The number of derelict properties in Cape Breton Regional Municipality is slowly dropping while the number of building permits has stopped dropping.
Paul Burt, CBRM's manager of building, planning and licensing, said about 600 derelict homes needed to be torn down two years ago, but that is down to 480.
The municipality demolishes roughly 60 derelict houses a year but new properties are regularly added to the list.
Burt said the good news is that the number of building permits is on the upswing after 20 years of declines.
"We're really starting to sense ... maybe a little bit of a turnaround just on the horizon," he told Steve Sutherland of CBC's Information Morning Cape Breton.
Over the last two years, CBRM has demolished 262 houses, but issued 255 building permits.
"We're still slightly behind on demolitions versus new builds, but that gap, that number, is shrinking, and last year we did see a slight little blip increase in the number of permits from the year before, which was something new for us," Burt said.
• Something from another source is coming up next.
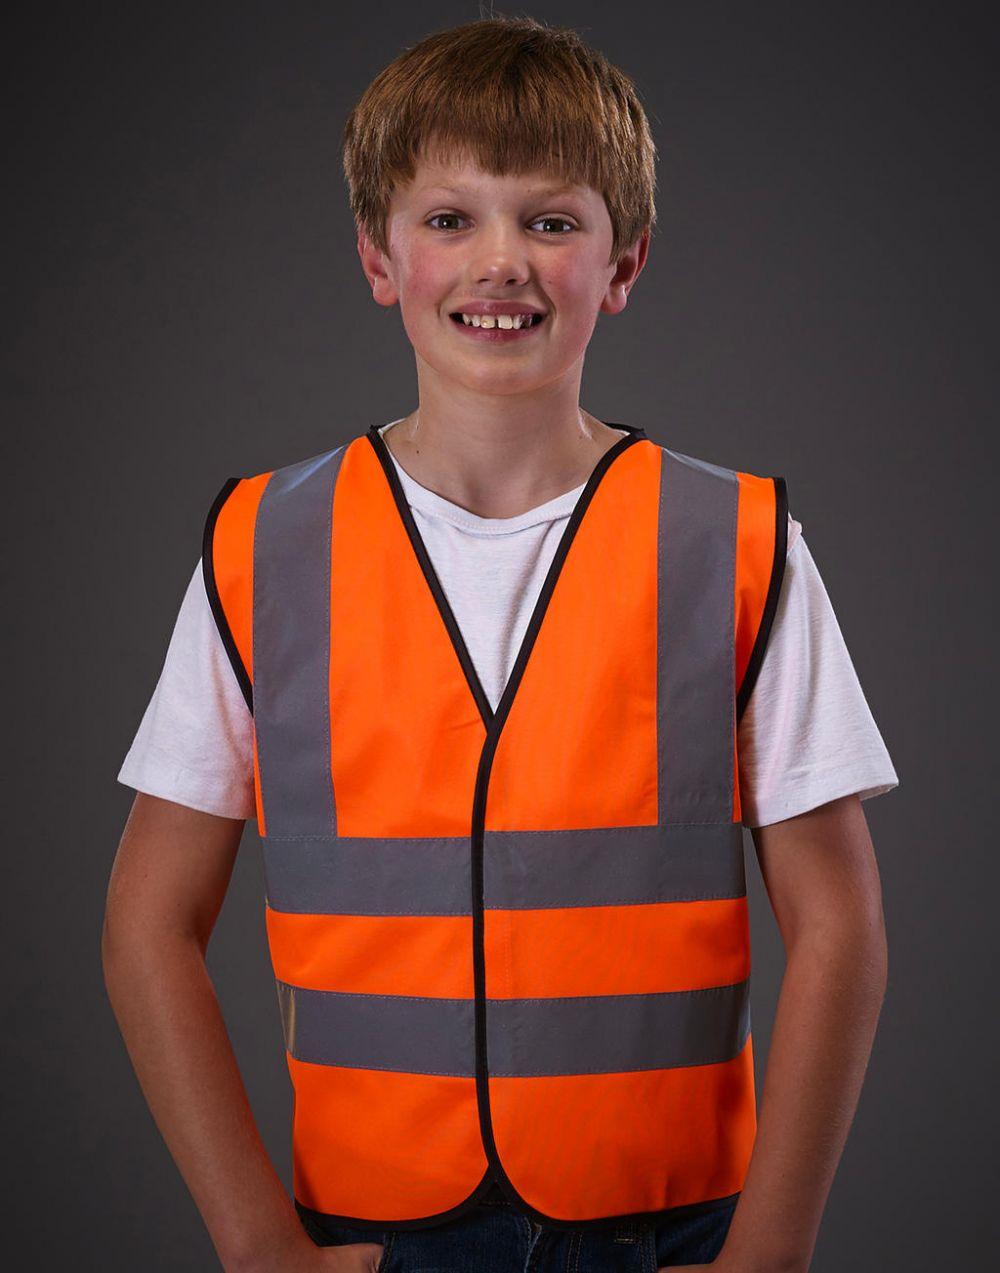 Chalecos reflectantes yoko de seguridad fluo niño vista 1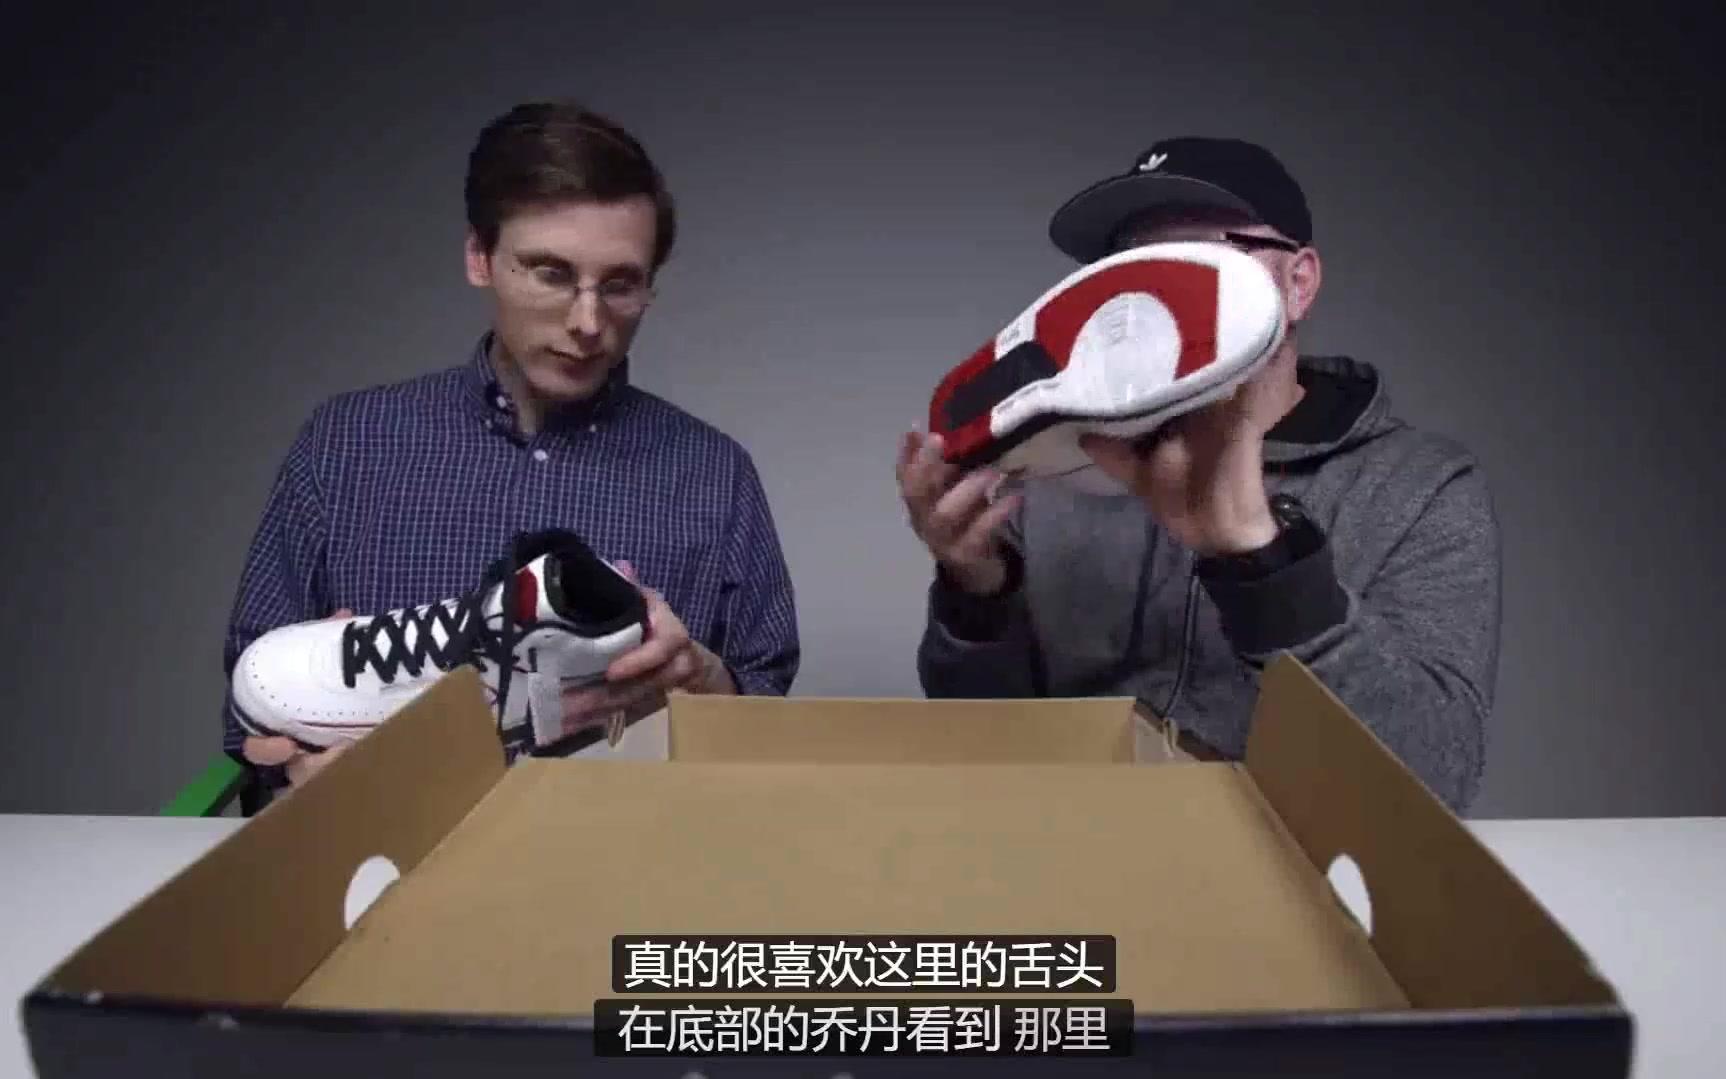 b13404897df213  搬运 机翻开箱狂魔Unboxing Every Air Jordan Sneaker

"They've been pretty consistent over the years, the number, and have consistently gone down a little bit each year, so having them come up, even though it was a slight blip last year, we're hoping to see it come up again this year and now it becomes a bit of a trend."
Burt said there's a new sense of economic optimism, with the Nova Scotia Community College moving into downtown Sydney, provincial health-care construction coming soon and a huge influx of international students at Cape Breton University.
Students bringing families
Some of the students are bringing their families and they are buying properties and starting businesses, he said.
The municipality and the business community are also working hard to revitalize the downtown cores in CBRM communities, said Burt.
The municipality spends about $500,000 a year to demolish derelict homes and budgets $120,000 of that to cover the cost of demolitions that won't be recovered through property taxes.
Burt said there are no neighbourhoods that are immune to derelict properties, but some are worse than others.
They are mostly leftovers from the loss of the coal and steel industries.
"Most of our demolitions occur in the former industrial towns, with the decline or loss of industry," he said.
"We've developed a scoring sheet to assess the properties based on the risk, structural integrity, proximity to other buildings."
CBRM also considers which properties generate trespassing complaints, but the criteria are mostly objective, said Burt.
Properties back on tax roll
Some of the properties where houses are demolished also end up with new buildings on them, so the properties actually improve the tax roll, he said.
Despite signs of optimism, Burt said many Cape Bretoners are skeptical of suggestions the economy is turning the corner.
"I think we're starting to see a little bit of the fruit of our labours starting to pay off, but until we see shovels in the ground, I don't think people are going to get too excited around here."